Balancing Responsibilities and Scheduling
00:28:42
Speaker
Children ages four to seven will be drawn to the playful illustrations by Carlotta Notaro. You can learn more about both of these books at NewGrowthPress.com.
00:28:56
Speaker
Well, we've been talking a lot about difficult questions, you know, challenging, questions of challenging ministry. Here's a lighter question, I think. So you're doing so many things, homeschool mom, counseling, speaking, writing, other ministry opportunities, having a life, being a human being, you know, with a life to live, how is all of that happening?
00:29:23
Speaker
That's a great question. I'm still trying to figure that out most weeks and months. I think it is really wonderful having people in my home that I enjoy, that I want to spend time with, that helps me get out into the world. But I do have to really be mindful of my schedule. So I'm always telling my husband, we need to schedule something fun, right?
00:29:52
Speaker
and have to really guard that downtime in a sense. And that's been difficult in certain seasons because deadlines and trips or whatever. But when I am not mindful that I'm a human being who's limited, who also needs to rest and be restored and enjoy the life that God's given me, things get out of whack.
00:30:22
Speaker
And so yeah, I'm constantly tweaking my calendar as they say. Yeah. Do you have any hacks or habits that are really maybe just one that is been instrumental in managing just the busyness of family life or the busyness of counseling life?
Productivity Tips
00:30:43
Speaker
Um, yeah, I think one that's been really helpful to me is just not responding to emails in the morning.
00:30:53
Speaker
You know, I get my inbox becomes so full. Um, but if I do what I need to do for my family and deadlines and work, if I do those other things in the afternoon, that has really helped me be productive and not be sidetracked. Another thing I've done in the last year, I had to develop a new class for CCF. I had to write 50 lectures. Whoa. It was just this really intense season. Daunting. Yeah. Daunting on things I did not, you know, I really had to lean in and do some research on.
00:31:23
Speaker
is I set a timer. I was like, okay, Darby, you can concentrate for 45 minutes. Yeah. Yeah. And just put all the distractions and things aside and you can get a lot of really solid work done in a concentrated window and then take a break and then come back and set a timer. You know, otherwise when you hit a hard moment or I'm like, oh, I don't know what scripture I'd use for that, I'd be tempted to pick up my phone or go change the laundry.
00:31:50
Speaker
But that timer has really helped me in this last season. That timer has really helped me too. I think it's actually called the Pomodoro method. Have you heard that? No. So the Pomodoro method was invented I think by a guy maybe in Italy and the Italian word for tomato is Pomodoro. Yeah. And he had a little kitchen timer that was shaped like a tomato.
00:32:15
Speaker
And he would set the timer, now he would set the timer for 25 minutes.
00:32:21
Speaker
And you work focused on nothing except the task at hand for the solid 25 minutes.
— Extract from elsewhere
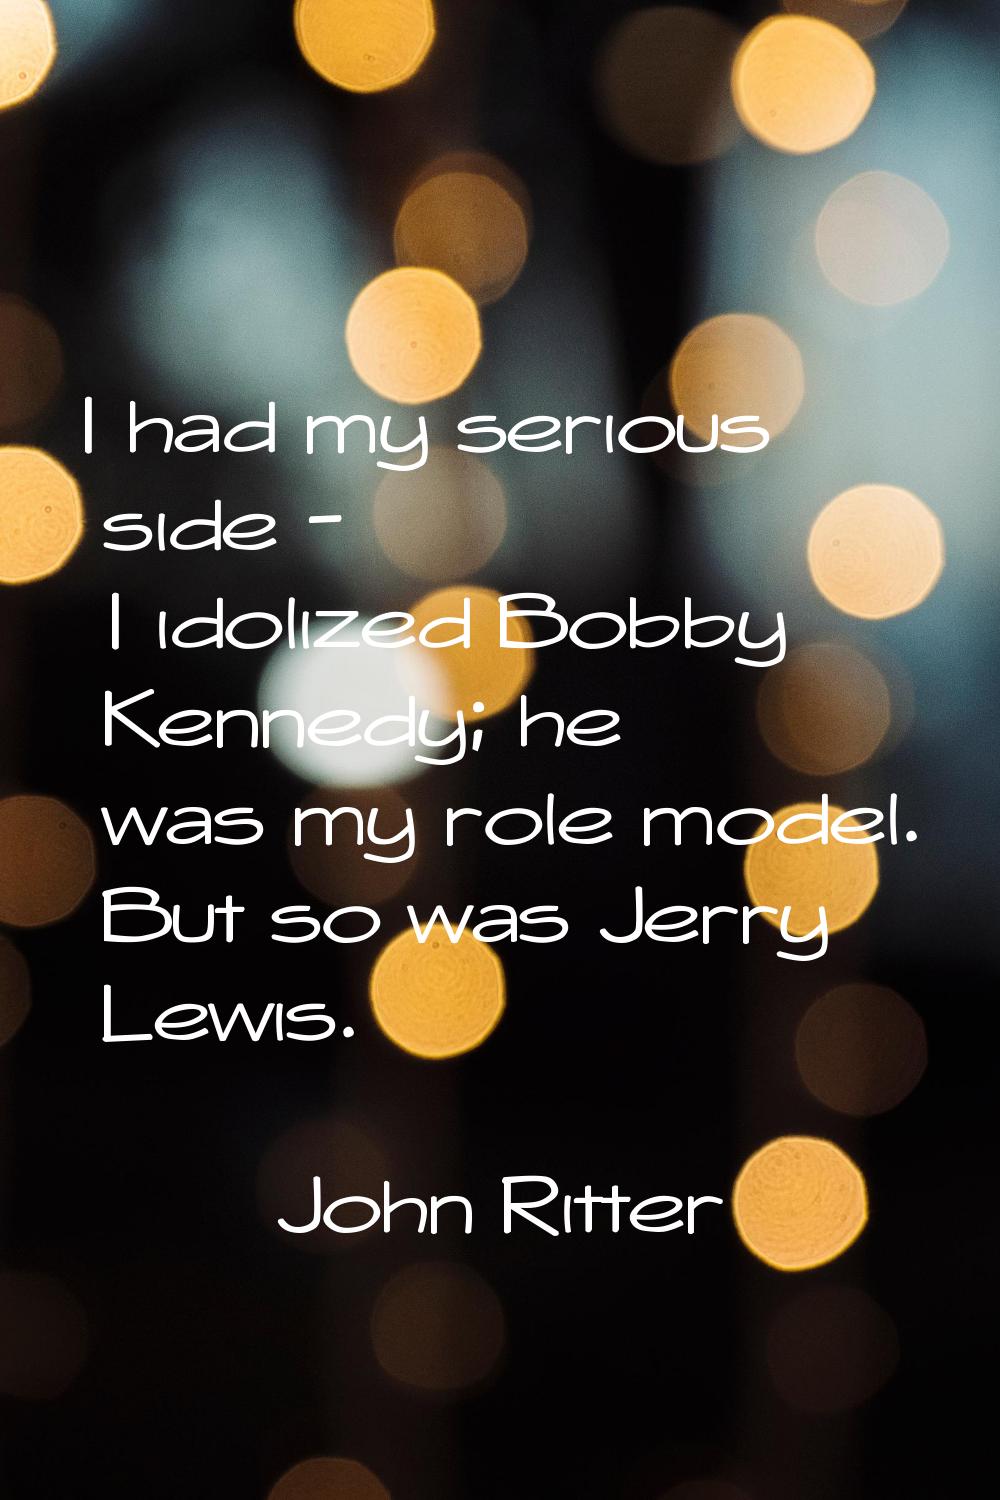 I had my serious side - I idolized Bobby Kennedy; he was my role model. But so was Jerry Lewis.

And then once it goes off, you set the timer for five minutes and you have a completely idle break. You can sit and stare at the wall. You do nothing. And then there is some, I guess, you know, science or whatever to it that that break is actually helping you to retain energy through the day.
00:32:49
Speaker
to be able to do more things. And when you do, I think four of those blocks of 25 minutes, then you take a 10 or 15 minute break.
00:32:58
Speaker
at that point. And that's been really helpful to me. That's probably, I mean, if I have one thing that I do every day, I use that timer, just like you do. Sometimes I do it longer, like you said, you know, maybe 45 or 50 minutes, because I feel like I can go a longer stretch. But the rule is, if you're doing the 25 minutes of focused work, and then you get distracted, you have to reset the timer.
00:33:23
Speaker
So that's a little bit more of the, you know, the method or the challenge. And it's pretty simple, but it really makes a huge difference.
New Resource for Abuse Ministry
00:33:31
Speaker
And so it's really helped me. Yeah. Yeah. It's really helpful. Really helpful. I have to get my great aunt's tomato kitchen timer out for my desk. Yeah. Yeah.
00:33:42
Speaker
Yeah, so Darby, tell me more about a new resource that's coming out that you've been a part of with Chris Moles, all about helping in this context of Ministry of Abuse. Yeah, it's a pleasure to be part of that project, Caring for Families Caught in Domestic Abuse, because many different voices or roles in abuse care, we all got together and wrote a resource that explains community care
00:34:11
Speaker
for a couple. So it addresses what an oppressor needs, what victims need, how he is an advocate. So it's really a robust how to think about church discipline in these cases. And so it has all these wonderful vantage points of different voices who would be ministering to different aspects of the problem coming together. And this is how we would work together in a church situation to care for that.
00:34:40
Speaker
I got to write a chapter on caring for children, because I often find that they are overlooked in these situations. So much time and attention goes to the parents, and it's a robust ministry in and of itself. But my heart is just really led for the littlest victims in that. And as I was writing that chapter, I recognized there's really very few children's resources on trauma.
00:35:07
Speaker
And so out of that, I just birthed this idea of writing this children's book, Something Scary Happened, to give parents a tool to talk about, yeah, how do we lean into the Lord and what does trauma look like through a child? So that was an exciting project to be a part of. And then it was fun because it birthed this other idea. It's just been a delight to do something light and beautiful and redemptive.
Closing Remarks
00:35:35
Speaker
Yeah, so important to be able to provide those are two vastly different resources that are available and useful. And it's just a beautiful thing to have the same kinds of truths being delivered to different, entirely different groups of people that need them so that they could be, could be utilized. Well, thank you so much for spending this time today. I really have enjoyed hanging out and learning and
00:36:04
Speaker
growing and hearing about your ministry and family. It's just great. It's fun. Thank you. It's good. You've been listening to Straight to the Heart, a podcast from New Growth Press. Our next episode releases next week, and I look forward to seeing you there.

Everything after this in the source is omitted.